Com um menor grau de cumprimento ou um objectivo para 2030 que ainda parece distante estão outros seis dos 20 indicadores do barómetro, em amareloalém da redução em termos absolutos das emissões de gases de efeito estufa. Este é o consumo primário e final de energia fóssil, que não é reduzido à taxa desejada, nem é o caso intensidade de carbono na economia em geral, com dependência energética ou com interligações eléctricas com a UE através de França. O número de casas reabilitadas em prol da eficiência energéticaque deverá ser superior a 1,3 milhões em 2030, partindo de 282,3 mil em 2024.
Finalmente, em vermelho Aparecem os outros seis indicadores restantes, nos quais os objetivos traçados pelo Governo para 2030 aparecem ainda mais distantes. Eles são sobre o demanda elétricaque deverá aumentar para 355 mil TWh, mas que entre 2019 e 2024 diminuiu em 15.700, até 249.000. Relacionado a isso, os dados sobre o demanda elétrica de picoque em 2030 deveria ser de 54 GW e que em 2024 era de 38 GW, dois a menos que os 40 GW de 2019.
Ele armazenar Também está no vermelho, ou seja, a disponibilização de tecnologia que permitiria que a eletricidade gerada – a preços baixos – fosse armazenada em parques fotovoltaicos e eólicos para evitar que se perdesse se não fosse consumida instantaneamente e guardá-la para outra altura, o que evitaria ter de recorrer a tecnologias mais caras, como o gás. Neste caso, o PNIEC diz que em 2030 deveriam existir 18,9GW de potência instalada mas em 2024 eram apenas 3,36 GW, com um ligeiro aumento face aos 3,3GW de 2019.
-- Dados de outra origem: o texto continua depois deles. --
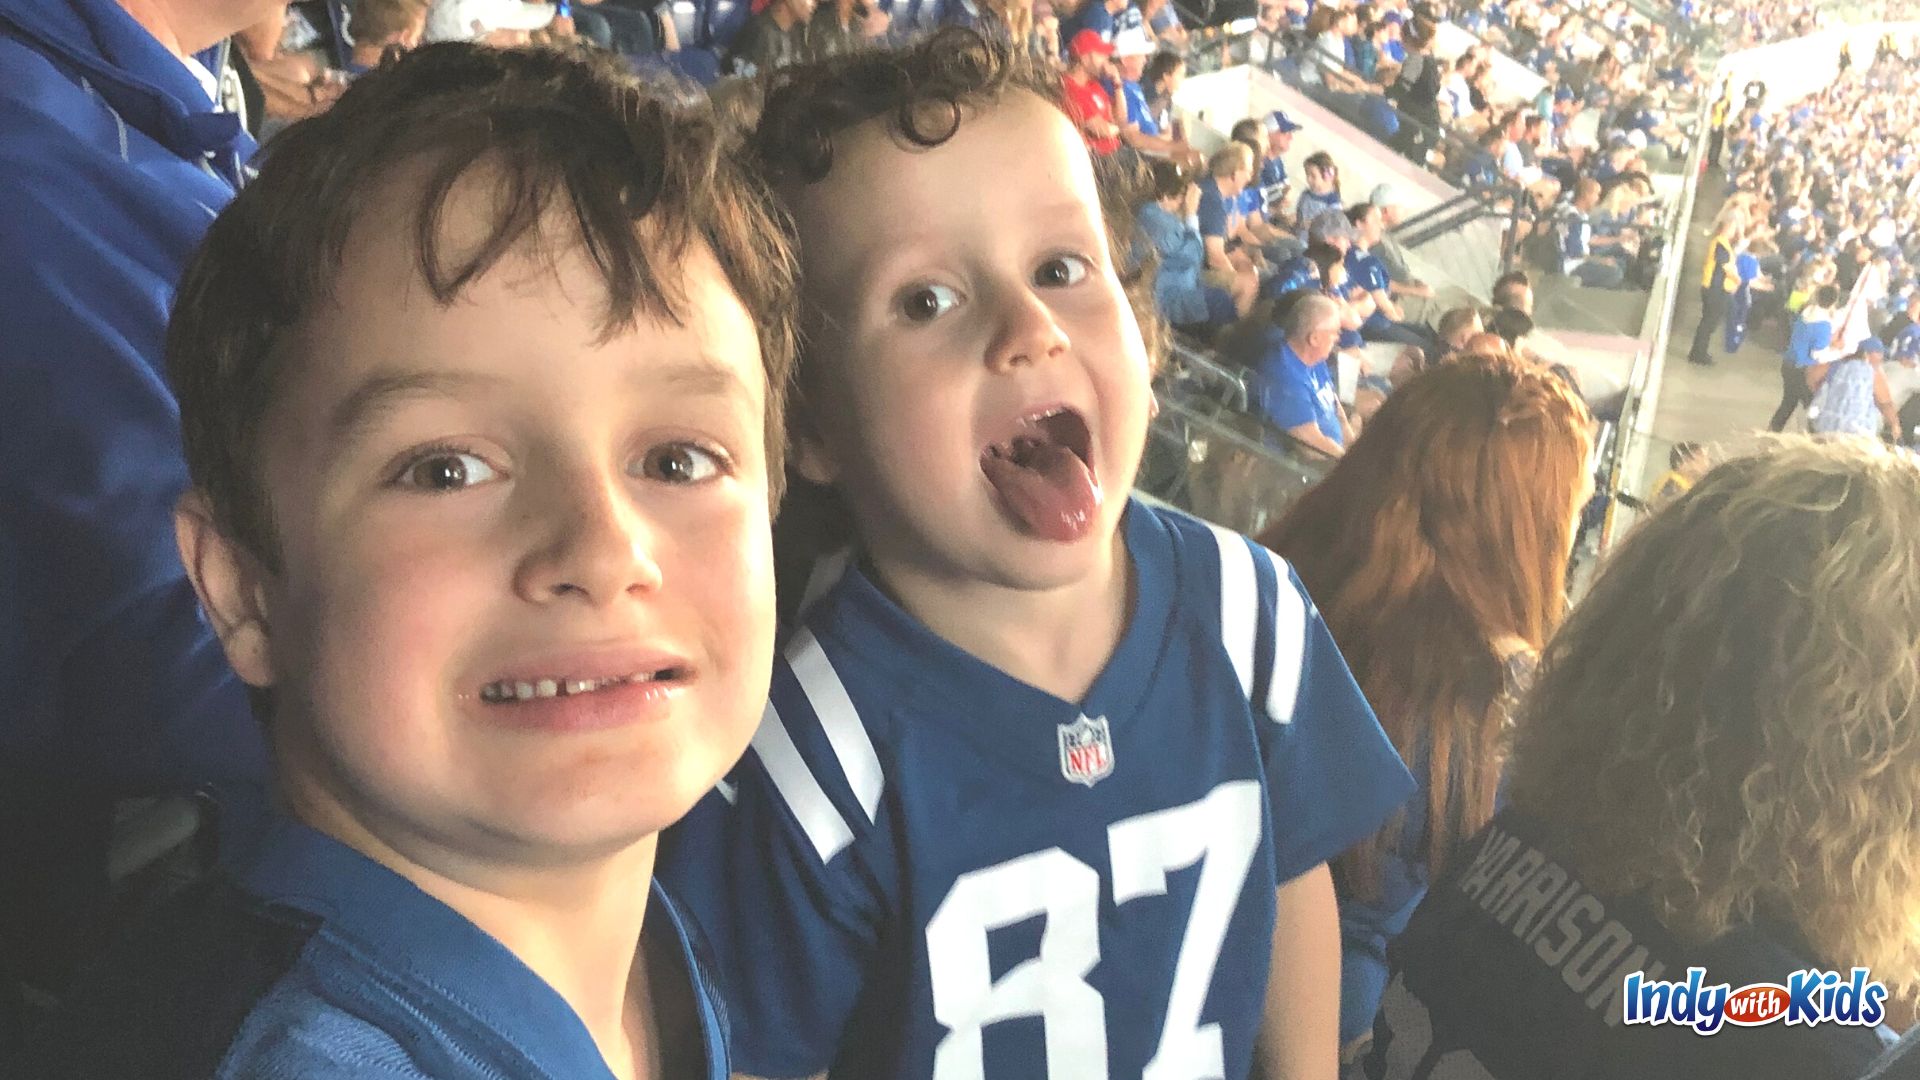 Football Games with Kids: The Indianapolis Colts offer family-friendly benefits.

Se, como afirma Exolum, o mobilidade é fundamental e a necessidade de transportes é crescente devido ao crescimento da população e do turismo, o que o barómetro indica é que Espanha ainda tem um longo caminho a percorrer para atingir os seus próprios objectivos em 2030, tanto em termos de eletrificação quanto à substituição de gasolinas fósseis e diesel por combustíveis renováveis, todos elementos que também estão em vermelho.
O Governo determinou que dentro de quatro anos haverá quase 5,5 milhões veículos elétricos na frota de veículos, mas em 2024 eram pouco menos de 600 mil, um salto de mais de meio milhão face aos 83,6 mil de 2019, mas 4,9 milhões da meta do PNIEC. Algo semelhante acontece com os combustíveis renováveis, o hidrogénio renovável e o biogás.
No primeiro caso, o barômetro é ajustado para a potência do eletrolisadoresa tecnologia que, através da eletricidade renovável, separa o hidrogénio do oxigénio e produz este combustível. O objetivo do PNIEC é que em 2030 sejam 12 GW e em 2024 não eram nem 0,03.
Quanto ao biogástambém a vermelho, a produção deverá ser de 20 TWh, enquanto em 2024 foram apenas 4,1 TWh, mais 0,8 que em 2019 e a um ritmo de crescimento que não nos permitirá atingir a meta de 2030. Para impulsionar, justamente nesta quinta-feira APPA Renováveis exigiu que o Ministério da Transição Ecológica incluísse os biocombustíveis no seu plano de resposta à crise energética, aumentando o percentual obrigatório que deve ser misturado à gasolina e ao diesel dos atuais 14% e que a implantação de bombas de gasolina nos postos é obrigatória. Gasolina E10 e diesel B10que pode conter até 10% de bioetanol e biodiesel.